And yes, I am most definitely wearing a bathrobe because, indeed, this is the exact opposite of a black-tie event. Stay tuned…if you hate yourself. 🙂

11:00 am — Holy sh*t. I’m already behind.

11:01 am — Barbara Walters won some award in Chile? Behar is jealous. Sherri is confused. Whoopi doesn’t care. And Hasselbeck is cross-eyed.

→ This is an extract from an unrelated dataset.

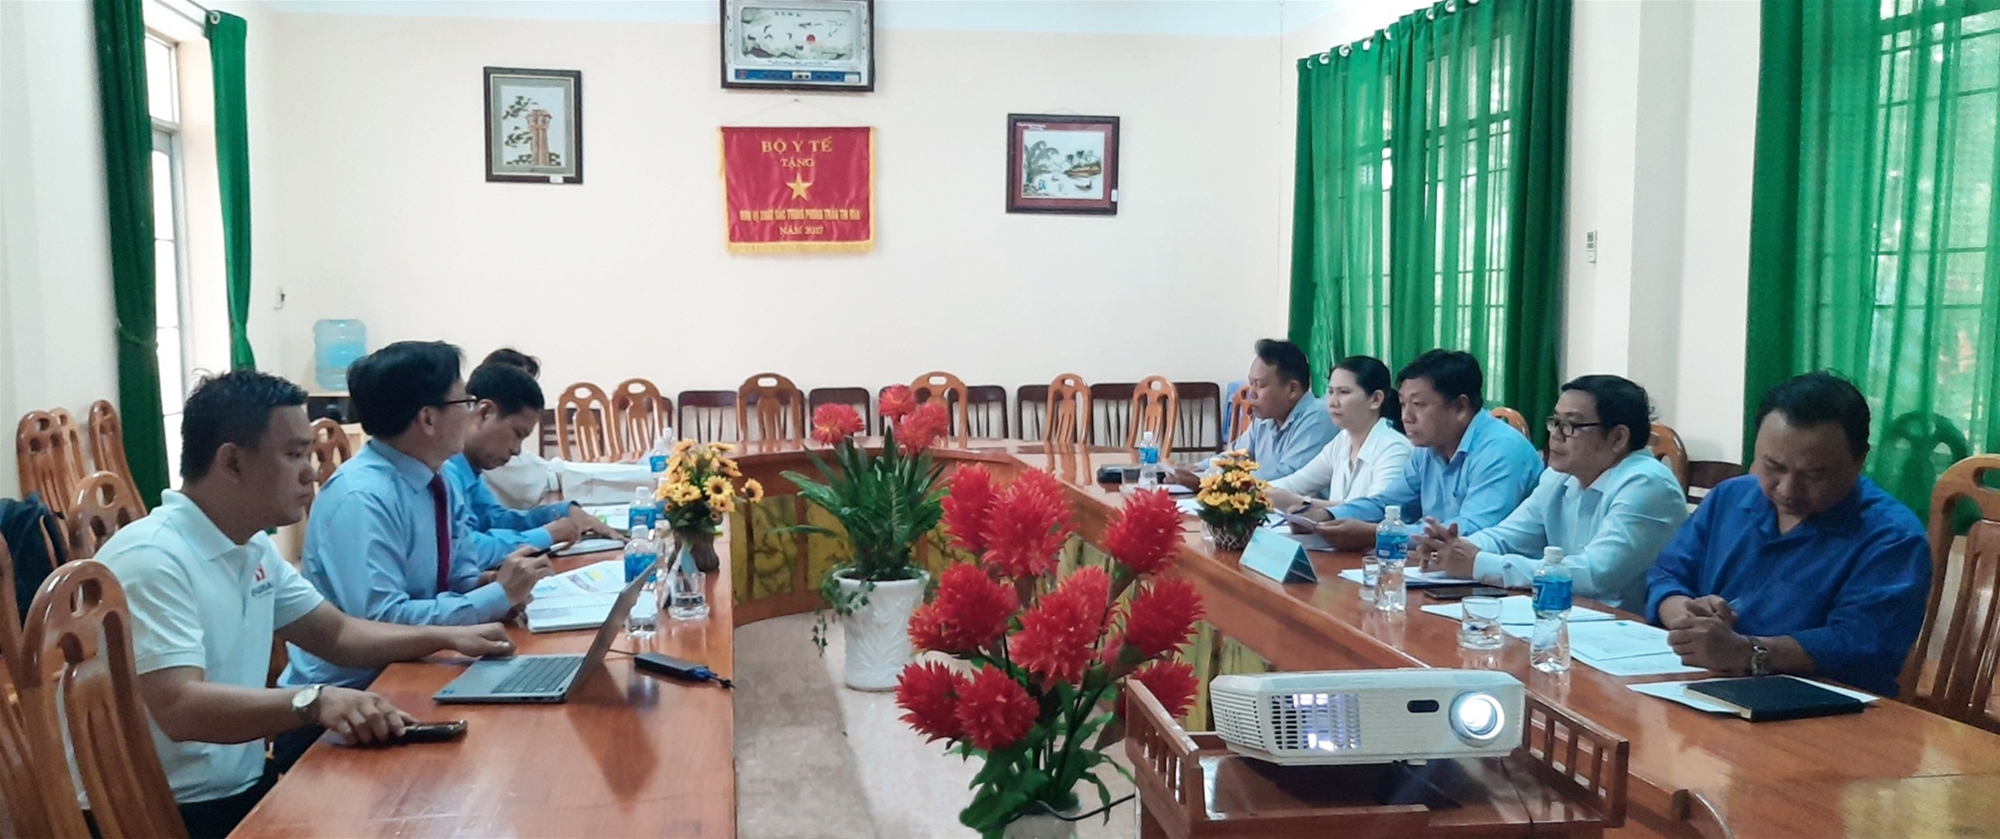 Trường Cao đẳng Bình Thuận đón tiếp và làm việc với Công ty TNHH Esuhai 
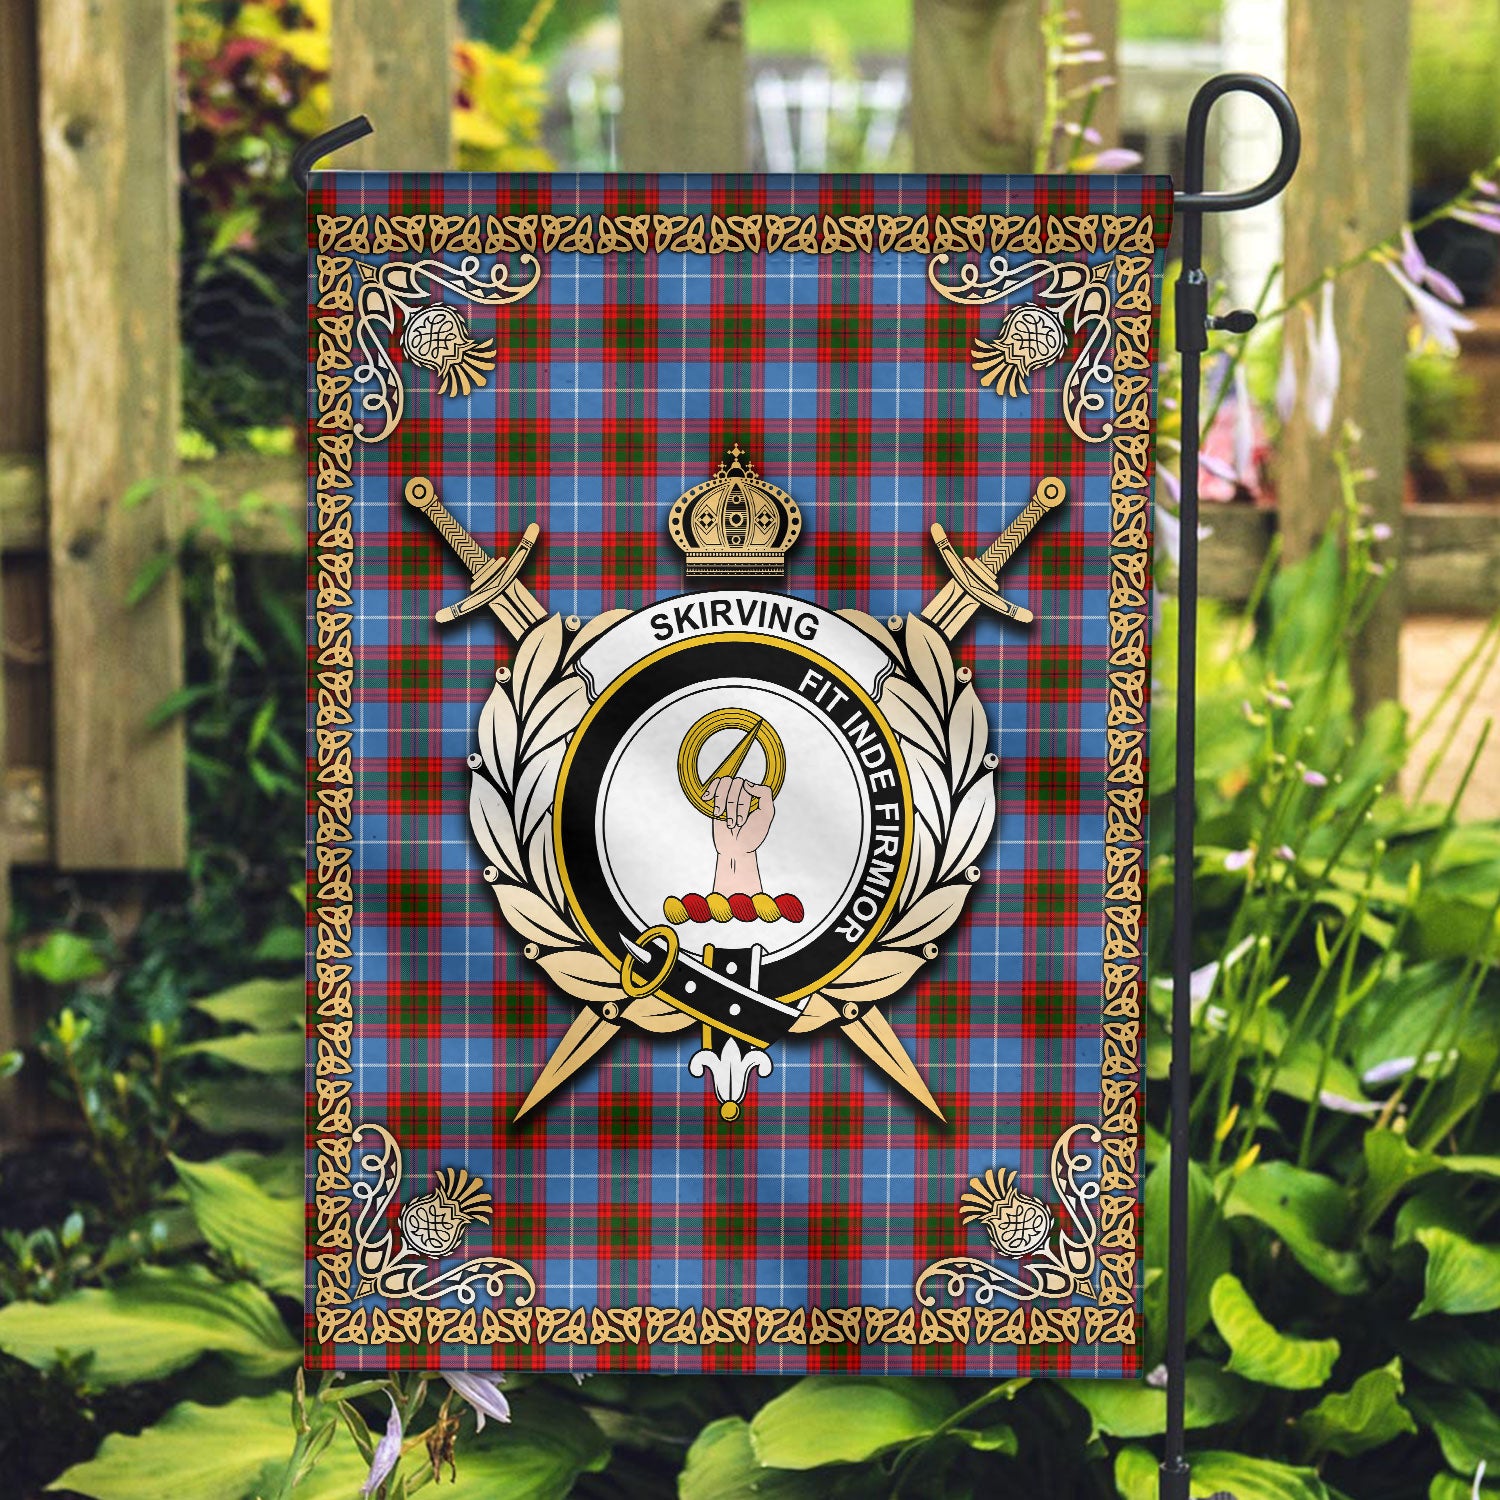 Skirving Tartan Crest Garden Flag - Celtic Thistle Style

11:04 — Jenny Sanford, the wife who left her cheating, disgusting, gnarly man, is the subject du jour. Although, of course, although nasty, her husband did cross out the “I’ll be faithful to you” line in the wedding vows. So, really, her bad…although still. That guy is a douche. On another note, Barbara’s soft lighting is making her look a young 70 compared to her usual 94.

11:06 — I’m bored.

11:10 — Phew. Made it to the first commercial break. And trust me, this Macy’s commercial is a welcome respite to having to hear Behar’s voice.

11:11 — Oh my! There’s a new Canadian-style Beggin’ Strip for your dog! Is it wrong that it looks delicious?

11:13 — The View is back. And…OH…MY…GOD! WHYYYYY????!!!!!! It’s a segment about Sherri Shepard’s ass! MEIN EYES! This deserves no less than a reaction from Family Guy’s Bruce: OH NOOOOOOOOOO!!!

11:16 — “I like balls.” — Sherri Shepard

11:18 — Oh, thank God. Jamie Foxx is coming up. The View makes me only want to respect men.

11:24 — Actively hoping Jamie Foxx will slap a bitch.

11:26 — Indeed, Jamie Foxx’s sex jokes are making Barbara feel a bit horny uncomfortable.

11:31 — This interview is incredibly dull so I will talk about a dream I had last night. I was in an old Cadillac driving to Mexico when a meteorite fell into the backseat. I woke up after that. And yes, while that may sound rather dull, it’s still better than this interview.

11:32 — When Jamie Foxx sings he kinda does that thing with his lips that he used to do on In Living Color.

11:35 — Has never been so excited for advertisements. This is the hardest writing exercise I’ve ever agreed to do in my life.

11:39 — Amanda Seyfried is talking about a history of panic attacks. I would not blame her if she had one right now. I’m having one right now.

11:40 — Seriously. These interviews are so boring, except when Whoopi just made it awkward by asking Amanda why there aren’t any black people on the cover of the Young Hollywood edition of Vanity Affair. Thank you for that moment, Whoopi. And also, good point. Where’s the chick from Precious? She’s the only young actress nominated for an Oscar. Racists!

11:44 — Yum. That commercial for Chex Mix was very effective.

11:46 — Double yum. That commercial for Ritz crackers was also very effective.

11:48 — But, actually, I’m still thinking about those Canadian-style Beggin’ Strips…

11:49 — F*CK. Now they’re interviewing Kevin McKidd from Grey’s Anatomy. At least he’s wearing a very shiny shirt that I can stare at for entertainment.

11:51 — I don’t even know what they’re talking about. But that’s OK because, between McKidd’s shiny shirt and his Scottish accent, my brain is kind of at its mental limit anyway.

11:54 — Six minutes left…six minutes left…hoping 30 seconds of that is filled up with that awesome Beggin’ Strips commercial again…

11:57 — A little bit amazed that this exists: The Potty Dance, which I’ll assume was written and performed by Pedo and the Files. And with only three minutes left in the hour, I think this might be the last update. I couldn’t have asked for a better ending than The Potty Dance, which kind of sums up where The View belongs.

Now, if you’ll excuse me, I have to go cry. Have a good weekend!